The one label that really gets me is ‘un-American.’ And the quickness with which people label things as ‘un-American’—especially politician and most especially since September 2001. I cannot think of any thought or idea that is ‘un-American.’ Now everyone has a right to free speech and therefore a right to label things as they see fit—even ‘un-American’ but I can’t comprehend it. It is our duty, as Americans, to question the things our government does (it is our complacency in this duty that tends to get us in trouble—but that is another rant.) Not only is it the right of every American to think and speak anything we wish (we are for some reason not allowed to say things like “I’d like to kill President Bush’—but I think that if I want to SAY that, it should not be illegal) but it is our most precious and valuable freedom. Embodied in the first amendment to the Constitution—the very first entry of the Bill of Rights. So if the right to speak your mind is at the core of being American how can anything any American say be ‘un-American?’ Anti-American, yes—un-American, no. Impossible.

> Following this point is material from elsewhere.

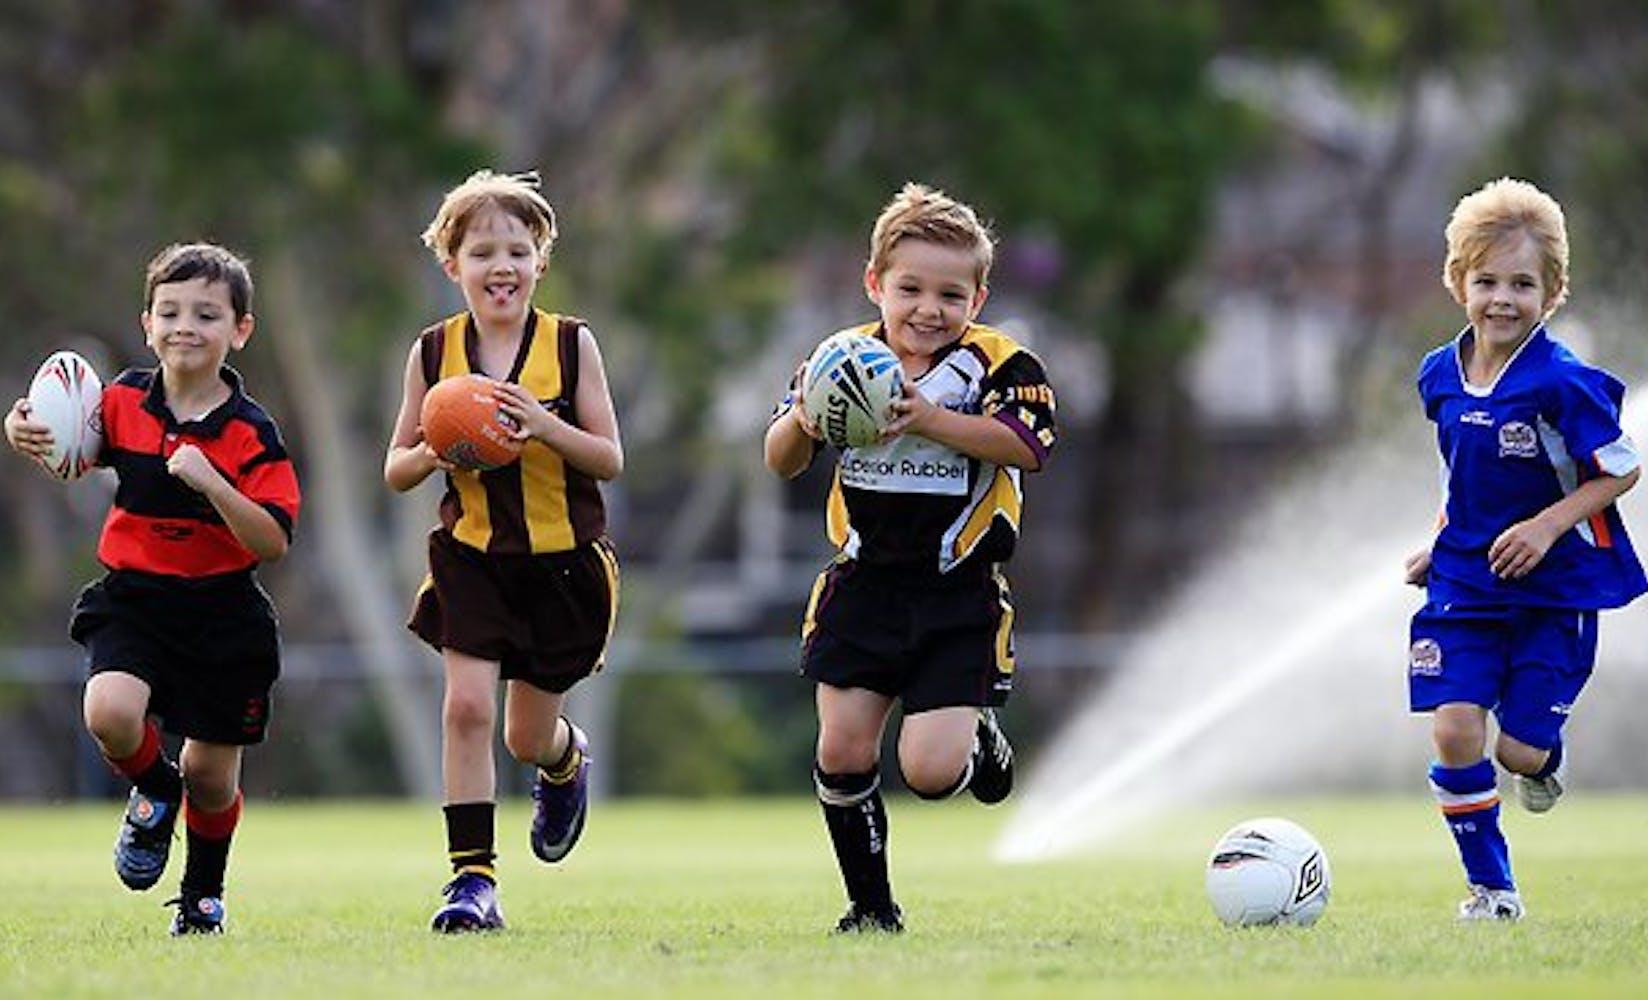 248917 children playing footy

Hummmm. I opened a new journal entry with some idea as to what to write—and now that idea is as elusive as xanadu. Maybe I’m getting old. In any case I will be getting old in a week—or at least older as far as officail like documents are concerned. One more growth ring, though I joined a gym and am trying to remove some of the old growth rings.
The past few weeks my mood has been very manic—some days I’m happy and energetic and other I just want to be left alone—very alone. Not really sure whats up. I know that mid December to mid January are never the best of times for me. I try not to live in the past but there are a few things from this time of year that just bother me, no way to not think about them and no way to fix them. They bother me less with time but I think they will always be there in the back of my head.
Anyway, it’s a new year. Leo Buscaglia once told a story about ancient Egyptians and their version of St. Peter. That they believed that after death their answer to two questions would determine if they where to enter paradise of not. The fist; ‘did you find joy?’ and the second; ‘did you bring joy?’ Rather than waiting for the afterlife lets ask these question of the last year.
Did I find joy? Yes. There was a lot of pain in the past twelve months but overall I believe I am happier with my life than at the end of the previous twelve. Did I bring joy? I hope so. I think so. I know I brought my share of pain and anger but I hope that over all I come out as a bringer of joy.
And what of the coming year? Will I find joy? Will I bring joy? Well… One can only hope. So, happy new year.